Unfortunately, those things seem to be happening here, in the United States, at least as much as in Iraq.

The Stratfor strategy intelligence site said yesterday that the White House is beginning a climb-down from its bellicose rhetoric on Iraq and looking for the least damaging way to do so. Or maybe not? The President has called a meeting of what amounts to his war cabinet down in Crawford, Texas on Wednesday. Officially, they’re slated to talk about military ‘transformation.’ The personnel involved, however, make it look more like a meeting — perhaps a key one — on Iraq.

What’s going on? Who knows? And that uncertainty applies to pretty much everything about administration Iraq policy right now. What we’re doing, how we’re going to do it, why we’re going to do it. Everything.

The administration’s approach to building up to this conflict turns out to be a reductio ad absurdum of its notorious addiction to secrecy. They say it’s premature for the president to discuss why, when and how we might be going to war or what the costs might be because he has not yet made a decision about whether to do it at all. Until then, everything’s under wraps. Yet this is belied by numerous statements that make the president’s decision — in favor of war — seem quite clear. In fact, if the president hasn’t made a decision he is making his country play the fool on the world stage since he and his advisors are clearly threatening war. Either he’s not leveling with the country when he says he hasn’t made a decision or he’s engaging in a classic case of talking loudly and carrying a very little stick.

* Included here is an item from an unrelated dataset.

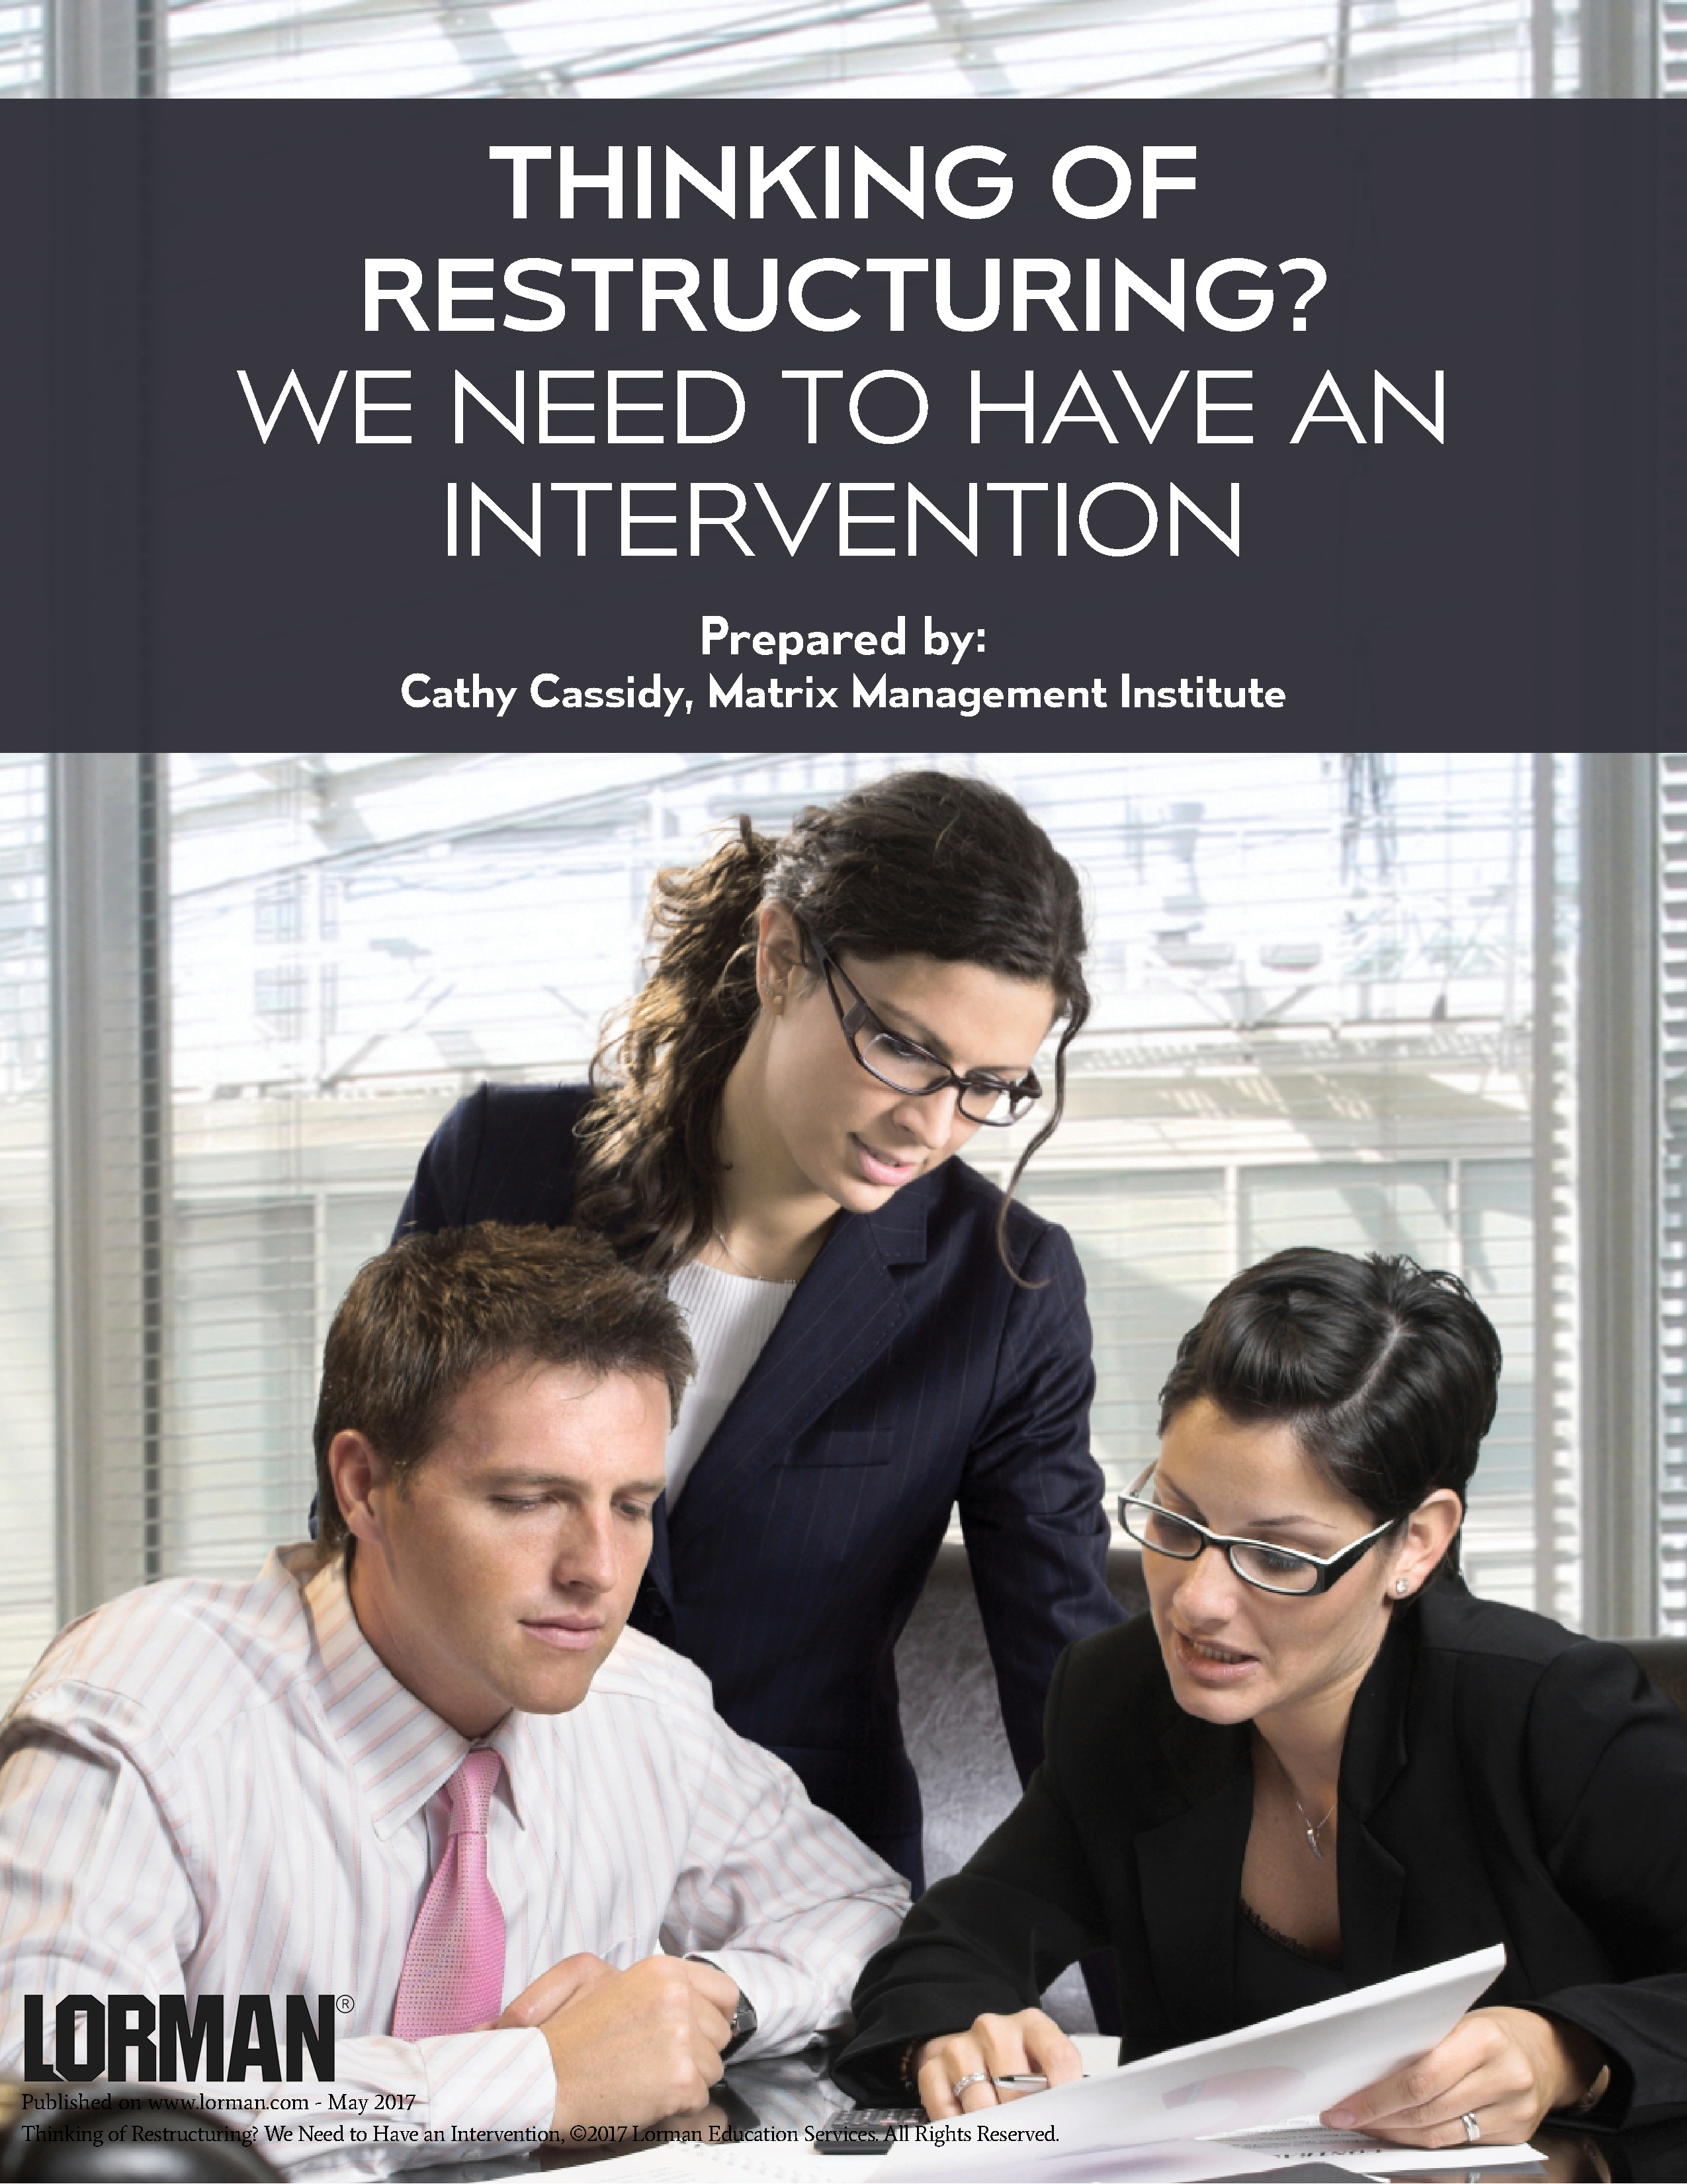 Thinking of Restructuring - We Need to Have an Intervention

“I want him to make the case when he’s decided to go in,” said Ken Adelman this evening on Crossfire, summing up the administration line. “That will be the time to make the case.” In other words, persuade the public after you’ve signed off on an attack. But this isn’t persuasion or even explanation. It’s just an announcement — the presidential equivalent of a declaration of war.

You build support for a war policy so that you go into it with a unified nation behind you. You don’t commit yourself and then go see if you can convince anyone that it’s a good idea. In any case, the issue here isn’t really a matter of the quality of the president’s presentation. It’s the palpable and widespread doubt that the president’s team really knows what they’re doing. They’re working up their Iraq policy like they crafted the botched plan for the Department of Homeland Security, with a half dozen suits working away in secret in some windowless room in the White House, ready to spring the whole thing on the public fully formed, and then hope — really hope — that everyone is wowed into falling into line. Adelman again sums it up nicely: “I think that once the president … says that we absolutely have to go in. … I think that the view of Americans, 90 percent of Americans would say that’s a very good thing.” Truthfully, it’s another example of the big bluff from the White House.

Let’s be honest. There’s a more logical explanation for the president’s weird reluctance to talk details. The White House has walked very far out onto the plank committing itself to ‘regime change’ by war. If they have to climb down from that rhetoric now the country will be embarrassed and humiliated. At best they have tenuous support within the country. They have virtually no support anywhere else in the world. And to date they have no credible war plan that withstands both military and geopolitical scrutiny. Like Adelman, they say that once the president gives the go-ahead all of this will change. Keeping up the no-decision’s-been-made charade puts off having to admit that that’s not true.